Между тем произошло событие, которое укрепило капитана в его взгляде на ситуацию, и он удвоил бдительность.
В один из весенних вечеров навечно закрыл глаза первосвященник Хуанако. Смерть старика была обыкновеннейшей вещью на земле. Почтенный возраст и проведенная в заботах жизнь привели к заслуженному завершению земного пути, украсив его последнюю годину ясной погодой и предвечерней тишиной. Он ушел удовлетворенный жизнью, с улыбкой на лице.
Тем не менее уже на следующий день после похорон послышались голоса, требующие найти виновника смерти. Ибо у итонган, как и у большинства первобытных народов, смерть почти никогда не была естественным явлением. Над умирающим чуть ли не каждый раз довлел гнев неведомых сил. Смерть происходила или под действием злой силы, исходящей от оскорбленного божества, или вследствие заклинаний, произнесенных смертельным врагом.
Вангаруа, старейший из шаманов и преемник Маранкагуа, приписывал смерть Хуанако колдовству и на эту мысль пытался настроить общественное мнение в течение нескольких дней после похорон. Результат был таков, что через неделю после отдания первосвященнику последнего долга, по просьбе некоего Араваки, действительно приступили к поиску предполагаемого колдуна-убийцы.
В солнечный, жаркий октябрьский день, в присутствии огромной толпы, Вангаруа прочертил жреческим посохом глубокий и узкий желобок около могилы Хуанако, после чего долго ждал, когда в нем появится червяк-предводитель.
По истечении трех часов, когда солнце уже перевалило через зенит, из могилы выполз червяк и медленно начал двигаться по прочерченной шаманским посохом борозде. Дотащившись до ее конца, червяк выбрался из борозды и, переменив направление, пополз дальше. Результат наблюдения, длившегося в течение последующих трех часов, был ужасен. Преодолев десять с лишним метров пространства, отделяющего фейтоку от первых хижин, червяк остановился перед толдо Изаны, закопался обратно в землю и исчез там без следа. Среди мертвой тишины, которая воцарилась тогда среди присутствующих, Вангаруа огласил результат магического следствия — виновником колдовства, ставшего причиной смерти первосвященника, а следовательно и его убийцей, был Изана. За это ему полагалась смерть. На рассвете следующего дня вождь должен был повиснуть на одном из деревьев, окружающих совещательный дом.
Когда Питерсон, красный от возмущения, сообщил Гневошу приговор судей, король пренебрежительно усмехнулся.
— Неужели ты считаешь, Уилл, что я позволю, чтобы на основании идиотского «следствия» и еще более идиотского приговора несколько глупцов или недовольных мною негодяев лишило жизни одного из наиболее благосклонных к нам островитян?
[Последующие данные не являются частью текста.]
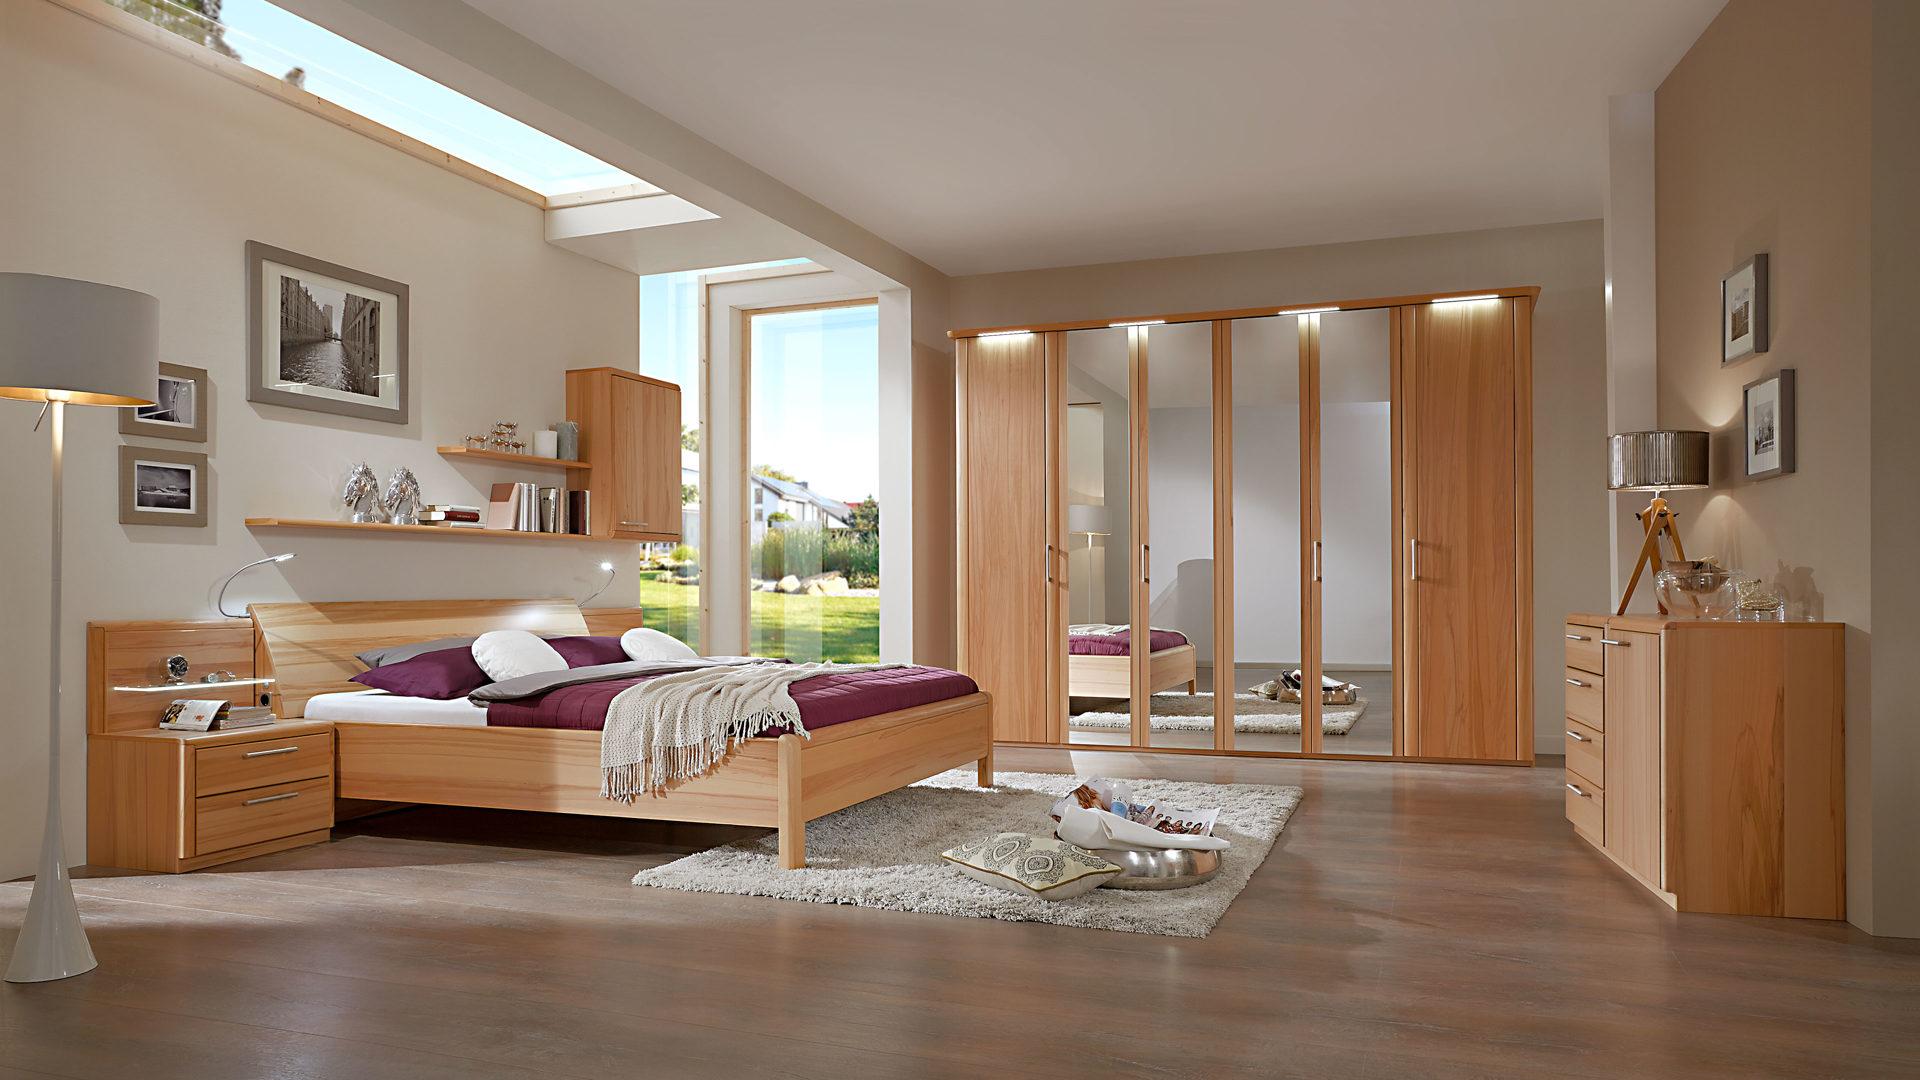 Modernes C. DISSELKAMP Schlafzimmer mit Bettgestell, Kernbuche, Bad ...

Капитан с облегчением вздохнул.
— Это другое дело. Я так и думал, Джон, что ты этого не допустишь. Но какого дьявола ты вообще разрешил проводить это дурацкое следствие? Теперь, спасая этого добряка Изану от неминуемой смерти, мы рискуем попасть в серьезный конфликт с суеверным большинством.
— Я как раз и хотел вызвать такой конфликт.
Питерсон остолбенел.
— С какой целью?
— Чтобы показать им свою силу. С сегодняшнего дня я начинаю открытую кампанию против их предрассудков. Либо островом будут править предрассудки, либо я.
— Другими словами: или ты положишь из всех на лопатки, или сам свернешь себе шею.
— Ну, ничего не поделаешь, — вздохнул Гневош. — Другого выхода нет. Ва-банк! Для начала созови сегодня на пять часов дня Совет Десяти и народ. Изану и его семью окружи особой заботой. Будет лучше, если расставишь вокруг его толдо охрану. Я сейчас пойду к нему лично, чтобы успокоить его ближних. Во всем этом деле я чувствую руку негодяя Маханы, который якобы прячется в горах и подстрекает людей против нас с тобой. А этот обманщик Вангаруа, кажется, его эмиссар. Отсюда и его неприязнь к преданному нам Изане. Теперь, Уилл, мы расстанемся и встретимся в пять часов на сходе. Было бы неплохо, если бы ты на всякий случай сосредоточил в резерве отряды воинов, на которых мы можем рассчитывать. Возьми себе в помощь Ксингу. Это добрый и преданный нам юноша.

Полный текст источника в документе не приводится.